Secondly, our analysis extends current knowledge by revealing two distinct groups of significantly-coexpressed regulatory regions for each of these diseases, with differing expression profiles. For Crohn’s disease, one group is restricted to immune cells, particularly monocytes exposed to inflammatory stimuli, while another group of regulatory regions is active in epithelial cells. In contrast, cell type associations with ulcerative colitis were statistically significant in rectum, colon and intestine samples, and in a distinct group of immune cells: macrophages exposed to bacterial lipopolysaccharide (Fig 7; S5 Table 1.2). Based on the fundamental assumption of coexpression—that expression profile relates to function—we interpret this as evidence that two distinct biological processes are implicated in each of these diseases. This may be because a “two-hit” mechanism is required for disease pathogenesis. Alternatively these distinct processes may indicate genetically- (and hence aetiologically-) distinct sub-syndromes, or disease endotypes[39], within both Crohn’s disease and ulcerative colitis.

In either case the predominance of each process in an individual patient is likely to have therapeutic relevance. For example, the highly variable clinical response to immunomodulatory therapies, such as methotrexate[40] or anti-TNF monoclonal antibodies[41], may be influenced by the burden of disease-associated variants in Crohn’s disease Group 1 (Fig 7). This represents a conceptually new application of network theory to the detection of disease endotypes, and is likely to have more direct clinical consequences than other methods[42].

The data used for development and testing of the coexpression approach were from large meta-analyses that incorporate genotyping (or imputation) of genetic variants at extremely high resolution, increasing the probability that variants will be found within regulatory regions. In future, the availability of whole-genome sequencing can reasonably be expected to produce many additional high-quality datasets for coexpression analysis.

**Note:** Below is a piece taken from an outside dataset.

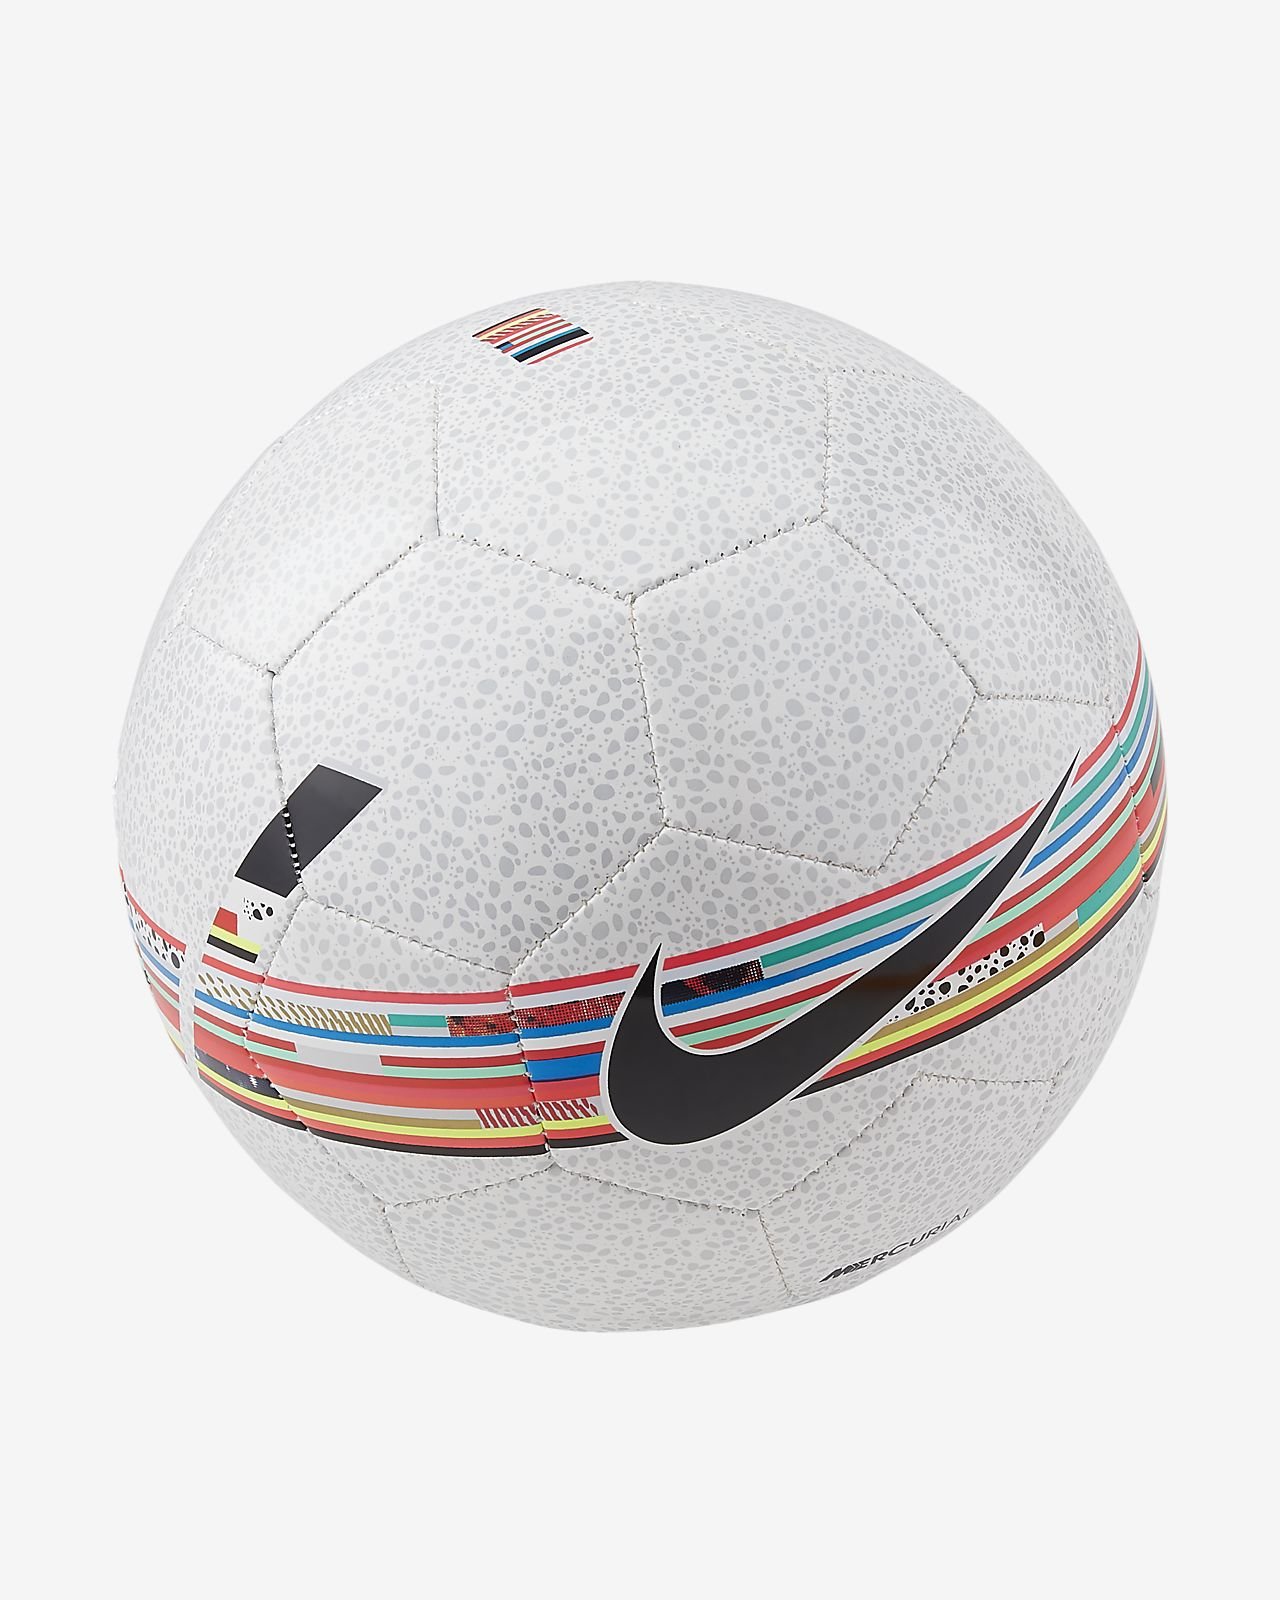 Ballon de football Nike Mercurial Prestige

In principle, the NDA approach can be generalised to any network in which it is desirable to quantify the proximity of a subset of nodes.

The scale, depth and breadth of the FANTOM5 expression atlas enable detection of subtle coexpression signals for regulatory regions that have previously been undetectable. The NDA approach developed here enables the identification of cell types and regulatory regions implicated in disease pathogenesis, and contributes a new independent signal to fine mapping of causative loci. As additional genetic studies become available at greater genotyping resolution, we anticipate that this method will detect new genetic associations with disease and coexpressed modules underlying pathogenesis. The NDA method will enable the identification of critical cell types and processes implicated in mechanisms of disease, and enable further genetic stratification of disease endotypes by underlying mechanism.

Data access

The FANTOM5 atlas is accessible from

An online service running the coexpression method is available at

Code delivering the NDA coexpression method is available at

Supporting information

S1 Table. Network density analysis results for each of the GWAS studies included here.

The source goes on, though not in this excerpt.